# Defining my own BKeyboard with bananas 1.3



## koopa_troopas (May 18, 2011)

Hi, I'm having a silly problem again.

In the search screen i'n designing for my tivo application I need a BKeyboard narrower than the PLAIN_KEYBOARD. 
As I understand it, the minimum size of plain_keyboard is the one obtained by getKeyboardSize() method. 
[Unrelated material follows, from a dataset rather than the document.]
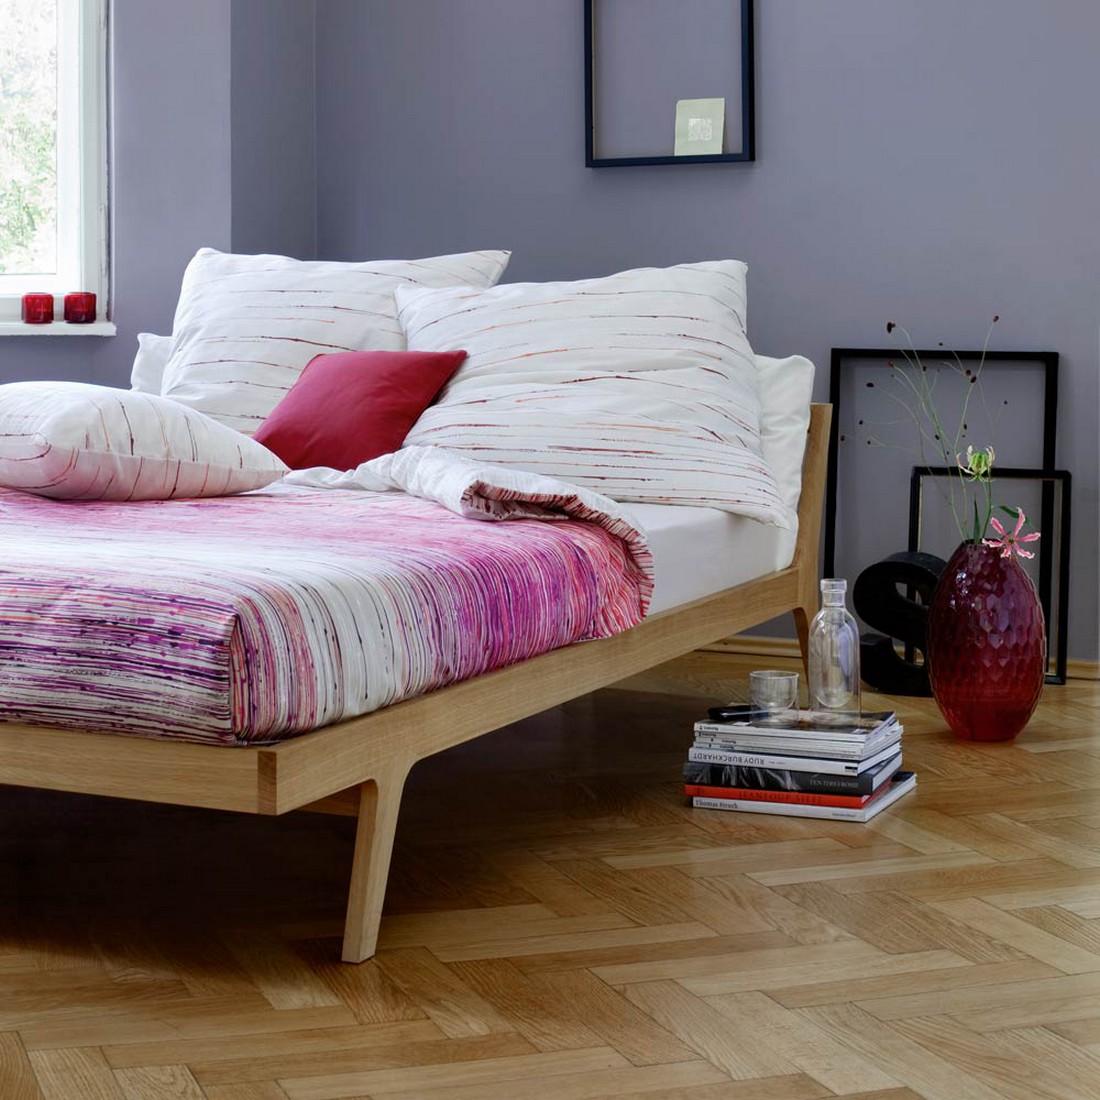 Bettwäsche – Indian Summer Red – Baumwolle – Violett – Kopfkissenbezug einzeln 40×40 cm, Escada günstig bestellen

If I wanted a smaller BKeyboard, I would have to create a cell matrix of my own and the define a BKeyboard layout of my own??? I don't know if that's correct :S

Isn't there an easier way??

thank you very much.


----------



## koopa_troopas (May 18, 2011)

Well, i've already created the Bkeyboard I wanted by creating a 2d BKeyboard.cell array and then a BKeyboard layout. Everything works just fine except for one only thing:

I can't see the characters on the screen. I can choose them and they appear on the text screen, but I can't see in which character I'm on. Does anybody know why??


----------



## wmcbrine (Aug 2, 2003)

OK, I don't use TiVo's Java SDK, so take what I say with a grain of salt. But I have looked at it enough to know that the text in each keyboard in Bananas is pre-rendered to a single background PNG. (I remember it well, because I thought "WTF?".) I suspect they did it that way to cut down on the number of views needed, although for my own keyboard purposes, I found that I only needed one view per column.


----------



## koopa_troopas (May 18, 2011)

Thank you very much. Now it's just like I wanted


----------